- Born: 25 May 1909
- Died: 16 March 2001 (aged 91)
- Education: Wilberforce University, Columbia University, Teacher's College
- Known for: Legislative Council

= Marjorie Bean =

Bermudian politician, and philanthropist

Dame Marjorie Louise Bean DBE (25 May 1909 – 16 March 2001) was the first Bermudian woman to be appointed to Bermuda's former Legislative Council. She was a trustee and founding member of the Bermuda Public Services Union (BPSU).

== Life ==
She attended Wilberforce University (in Ohio), Columbia University's Teachers College (in New York City), and the Institute of Education at the University of London.

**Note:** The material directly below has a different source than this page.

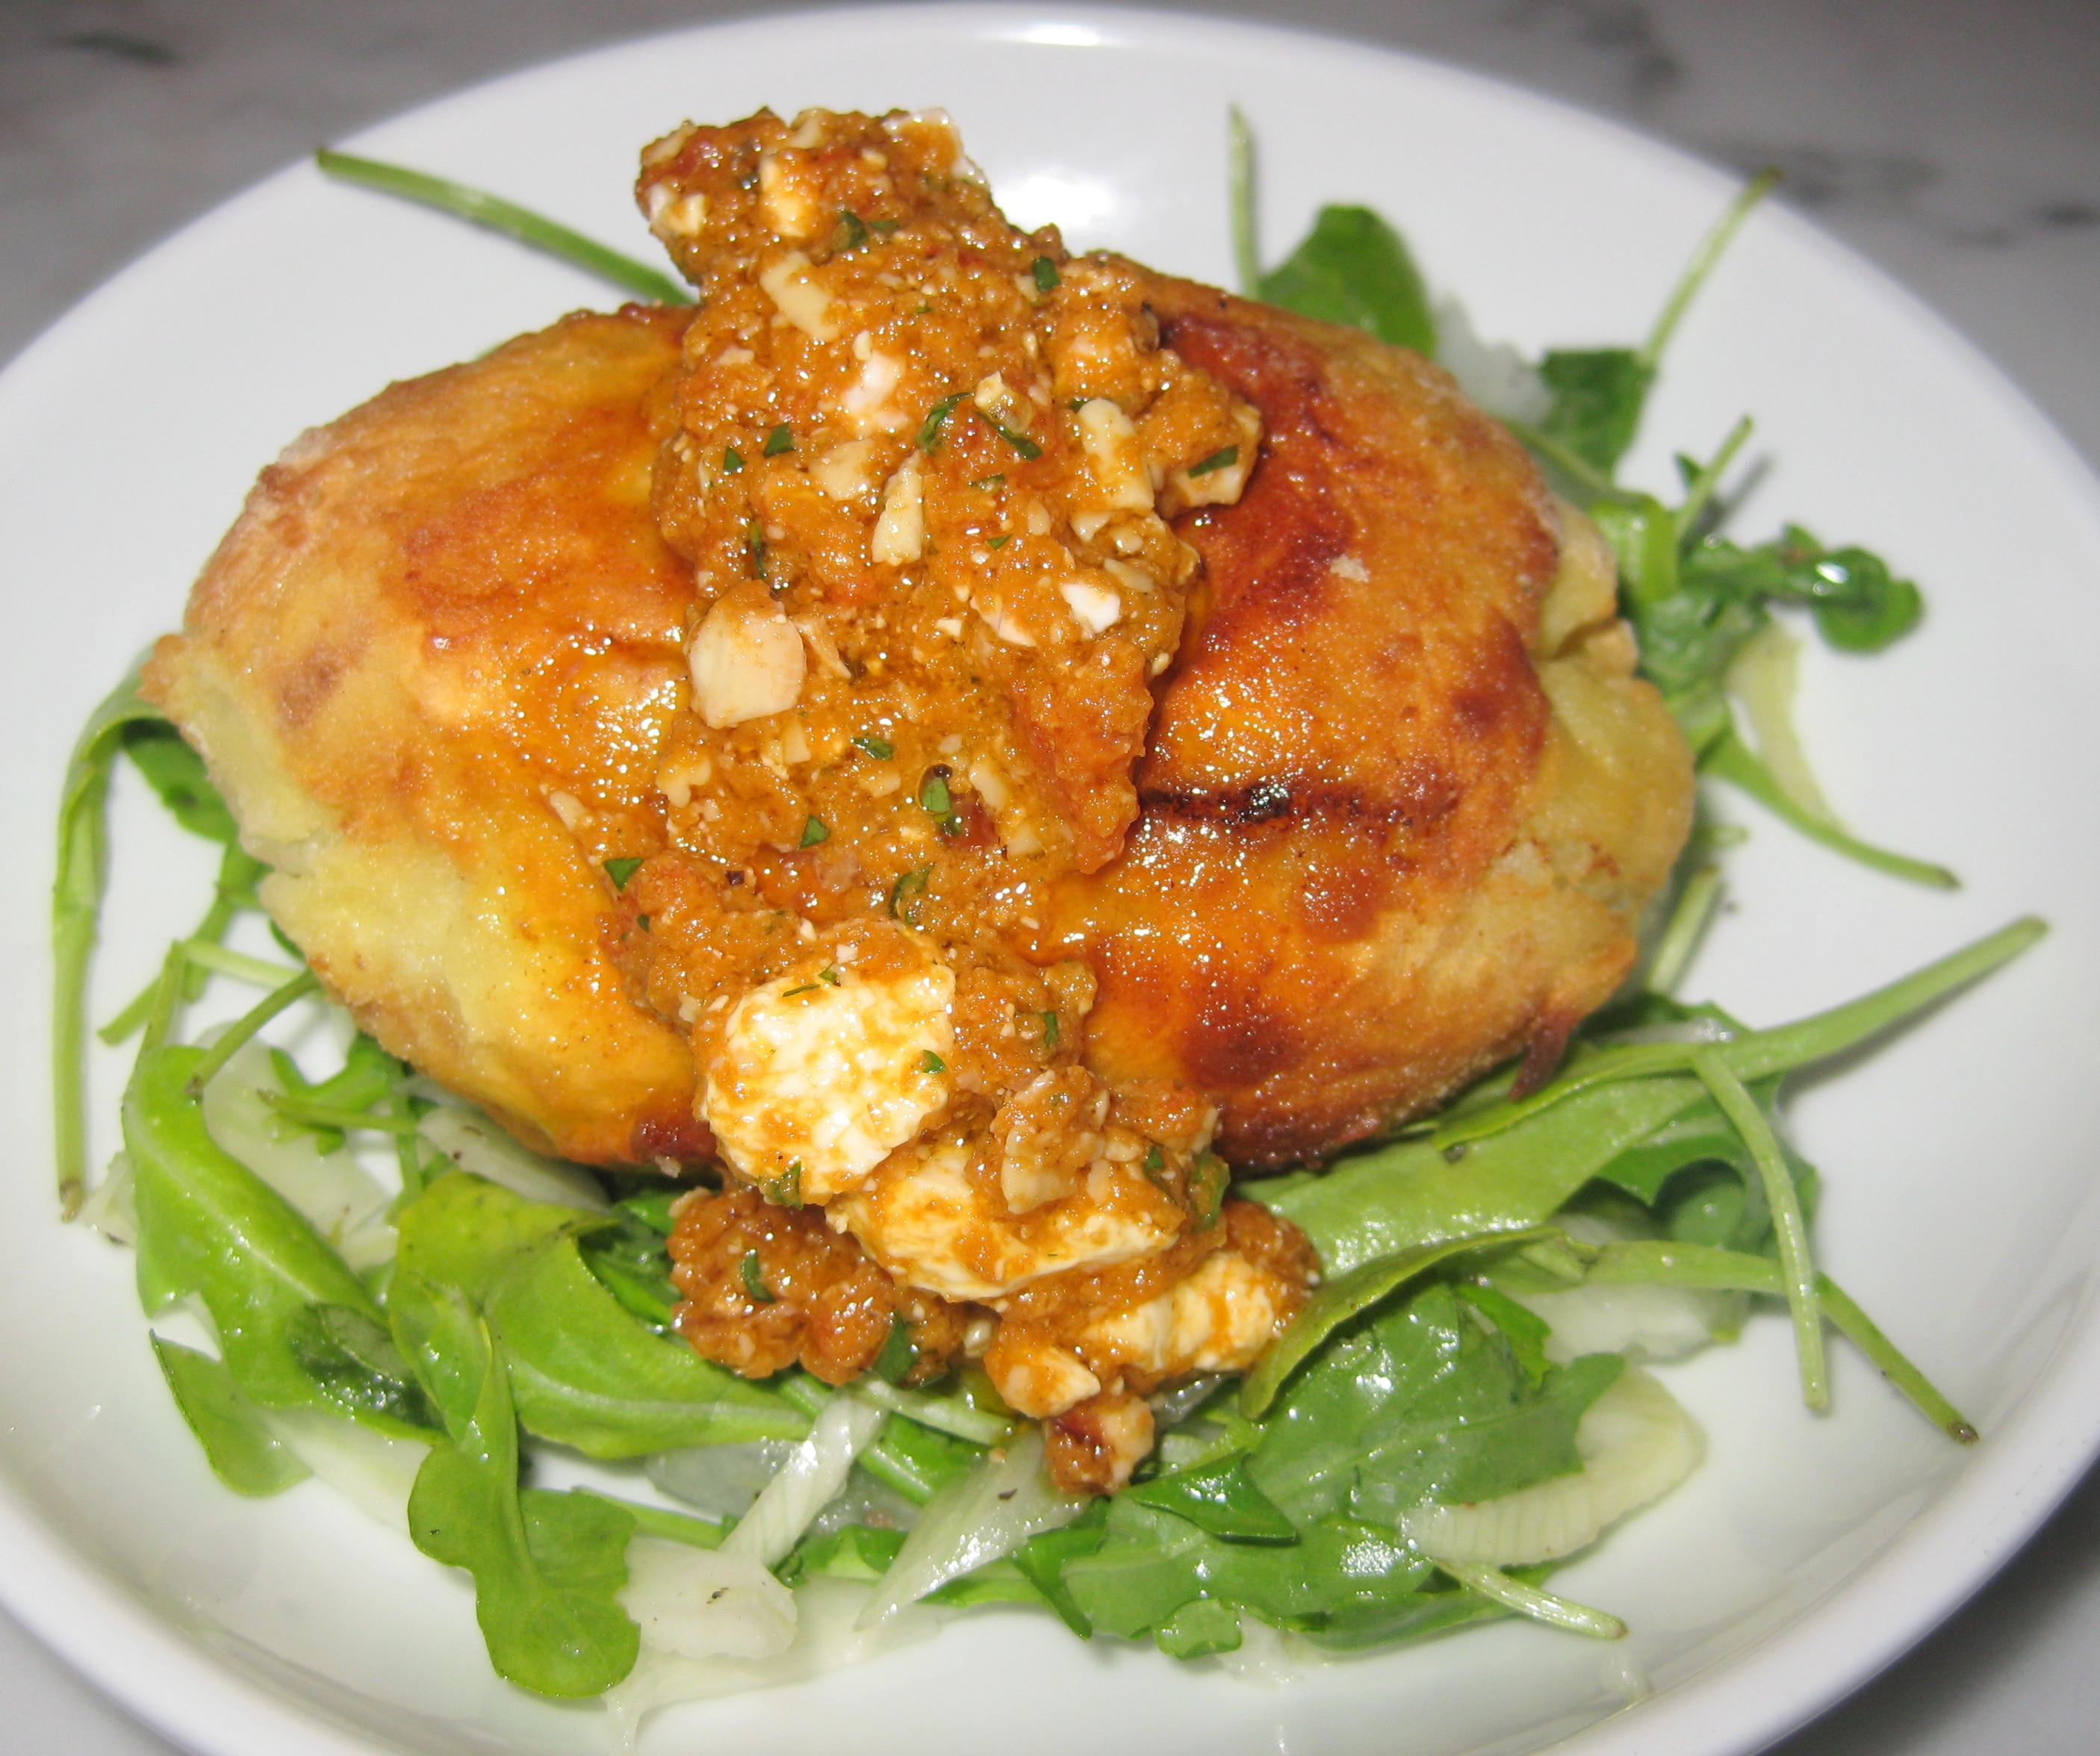 Papa rellena: stuffed potato, slow-cooked beef, boiled egg ...

She began her career in education teaching English and geography at the Berkeley Institute, Pembroke Parish, Bermuda. In 1948, she became the first black person to be appointed to an administrative position in Bermuda's Department of Education when she took on the job of Supervisor of Schools/Education Officer (1949-1974). In 1979, she received the Stellar Halsall Memorial Award for Community Activities and Arts.

==Awards==
Bean was made a Member of the Order of the British Empire (MBE) "in recognition of the significant contribution she made to education in Bermuda" in 1968. She was later advanced to Officer (OBE) in 1981, and, lastly, to Dame (DBE) in 1995. In 1977, she was awarded the Queen's Silver Jubilee Medal.

==Death==
She died, aged 91, on 16 March 2001.

==Legacy==
- Dame Marjorie Bean Hope Academy, 10 Old Military Road, Devonshire Parish, Bermuda, DV-02.